Заставив себя доесть завтрак (тот, кто не позавтракал – не человек, часто повторял моей отец), я спустился вниз, перемолвиться словечком с Морин.
После того чудесного вечера, когда Морин явилась ко мне в сером платье, она приходила еще несколько раз, и визиты ее, как прежде, были непредсказуемы; происходившее между нами оставалось чудесным, хотя, естественно, не таким чудесным, как впервые, – иначе бывает редко. Я прекрасно сознавал, что в сложившейся ситуации мне очень повезло с Морин; конечно, когда речь заходила о наших встречах, я был совершенно лишен права голоса, и это обстоятельство меня несколько расстраивало, хотя я и понимал его неизбежность. Морин была одной из важнейших причин, удерживающих меня от переезда.
Но теперь, приняв решение, я позволил себе явиться к ней незваным, хотя и предполагал, что ее муж Гилберт, скорее всего, сейчас дома, не говоря уж о детях. Не считая первого моего визита, который я нанес вскоре после переезда в этот дом, я спустился к ним впервые.
Я позвонил. Дверь открыл муж Морин. На нем было какое-то старое тряпье. Из-за его спины доносились крики и визг детей. С мужем Морин я был едва знаком и, разумеется, никогда не вел с ним серьезных разговоров – за исключением того, о котором собираюсь поведать сейчас.
– Морин нет дома, – сообщил он, словно причина моего визита не вызывала у него никаких сомнений. – Она в больнице. Нервный срыв. Если хотите, я могу дать вам адрес больницы. Хотя, думаю, пройдет некоторое время, прежде чем вы сможете с ней увидеться.
– Мне очень жаль, – сказал я. – Но меня это ничуть не удивляет.
По его взгляду я догадался, что он неверно истолковал мои слова.
– Всему виной этот дом, – пояснил я. – Я решил переехать.
– Для этого надо найти подходящую квартиру.
– Разумеется, – кивнул я. – Полагаю, вам тоже стоит подумать о переезде.
– И снова поселиться в одном доме с вами?
В словах его не было враждебности, но он снова неверно меня понял. Вновь поселиться под одной крышей с Морин было бы замечательно, но я сознавал, что о подобном везении нечего и мечтать, учитывая, что свободного жилья в городе было не так много; излишне говорить, его немного и сейчас.
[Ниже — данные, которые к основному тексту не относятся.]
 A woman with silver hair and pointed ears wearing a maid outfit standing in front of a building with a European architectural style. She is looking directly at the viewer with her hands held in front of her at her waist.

– Если бы нам удалось отыскать подходящий дом, это было бы здорово. Но я уверен, вам с Морин необходимо переехать в любом случае. С этим домом что-то не так.
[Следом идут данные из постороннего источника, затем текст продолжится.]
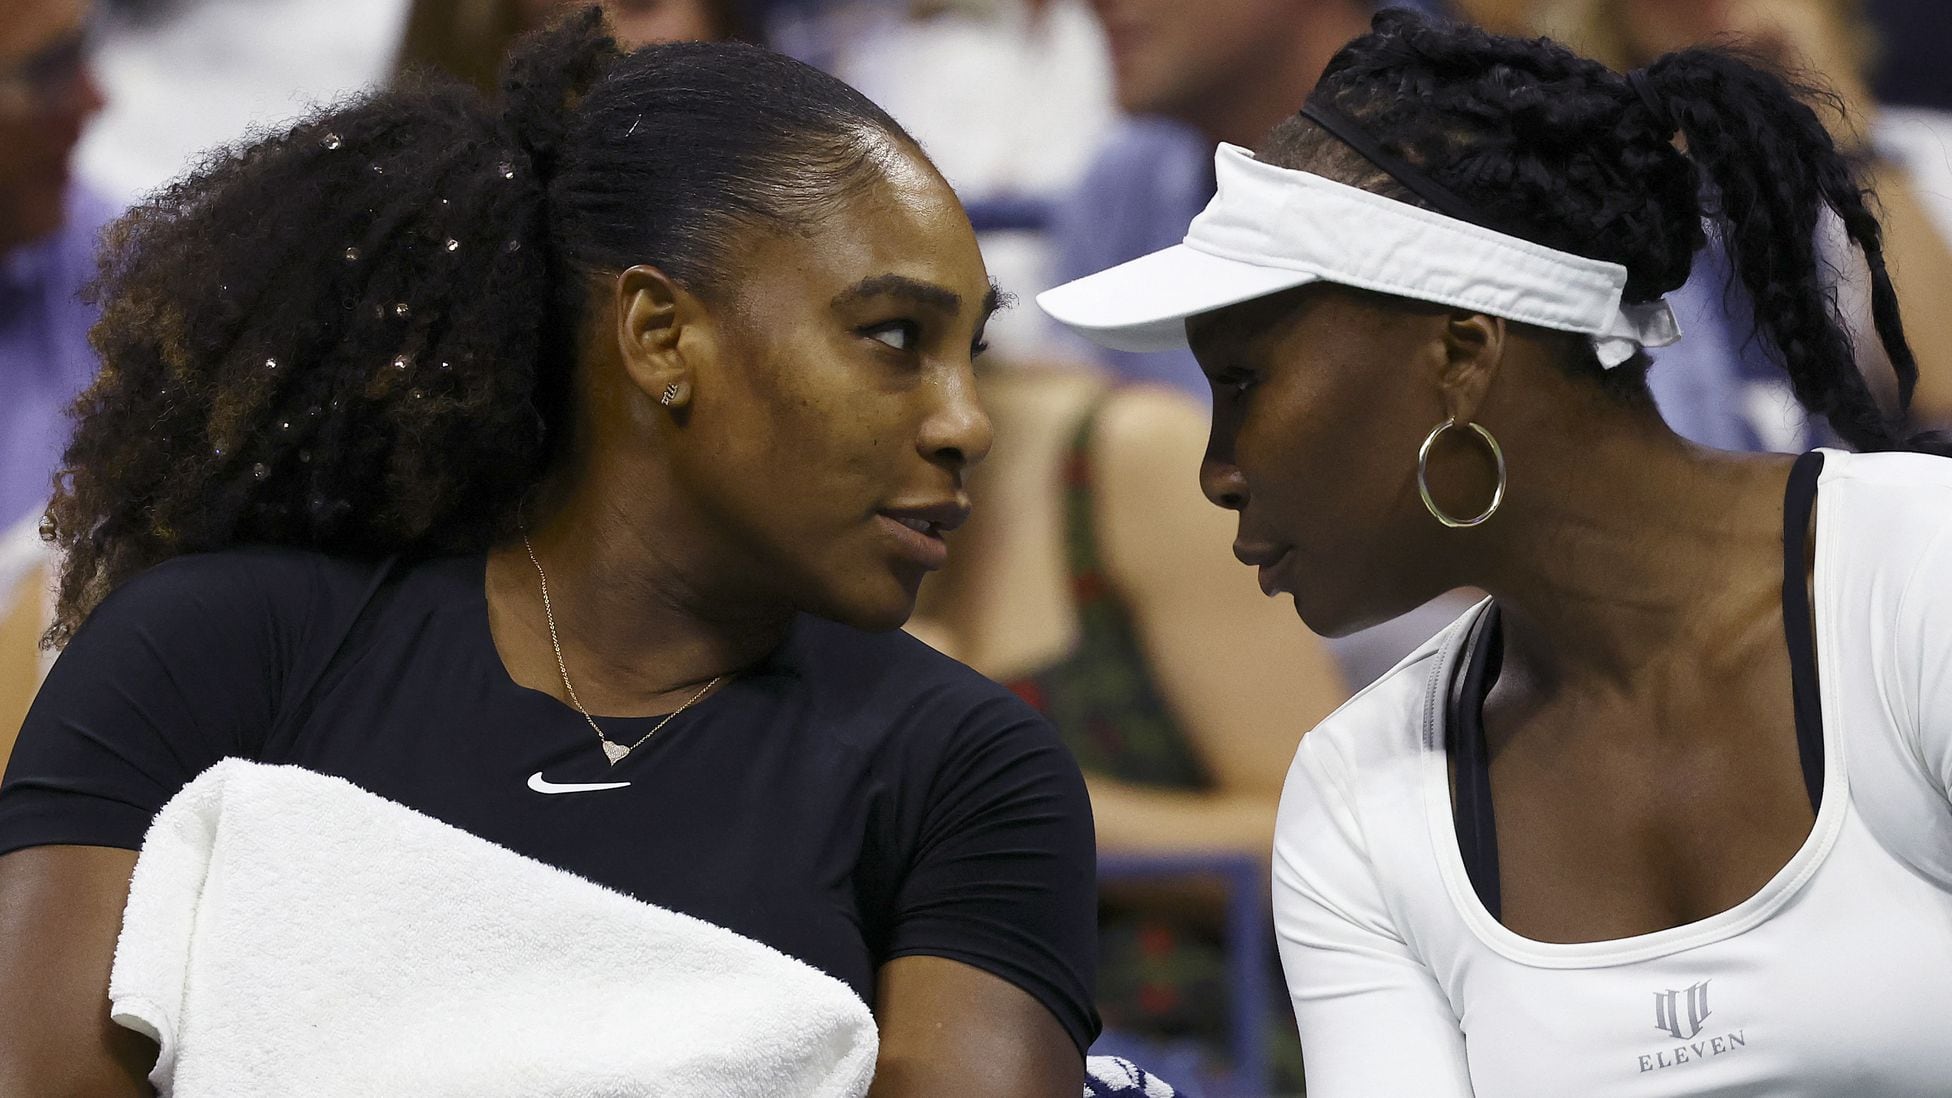 How Much Is Venus Williams Net Worth In Comparison To Serenas' In 2022?

Он пристально взглянул на меня.
– Может, зайдете, выпьете чашечку кофе? Оставшись без Морин, я научился варить неплохой кофе.
– Спасибо, не откажусь, – кивнул я.
Ситуация складывалась совершенно не так, как я предполагал, но мне хотелось поговорить о недавних событиях с любым, хотя бы в какой-то степени подходящим для этой цели, собеседником.
– Простите, что я одет по-домашнему, – сказал он и посторонился, приглашая меня войти.
Грязь и галдеж, царящие в квартире, поистине ужасали. Но муж Морин начал готовить кофе, словно мы были здесь одни. Дети, поглазев на меня пару минут, снова принялись скакать и носиться. Я развернул «Обсервер».
– Вы сказали, с этим домом что-то не так. Что вы имели в виду? – спросил Гилберт через какое-то время. – Молоко, сахар?
Кофе действительно был хорош, и, хотя после моего скромного завтрака прошло совсем немного времени, я с удовольствием сделал несколько глотков.
– Эта фирма, которая разместилась на верхних этажах… У них творятся странные вещи…
Гилберт слегка сдвинул брови.
– Согласен с вами.
– Не имею понятия, чем они на самом деле занимаются. Но уж точно не бухгалтерией.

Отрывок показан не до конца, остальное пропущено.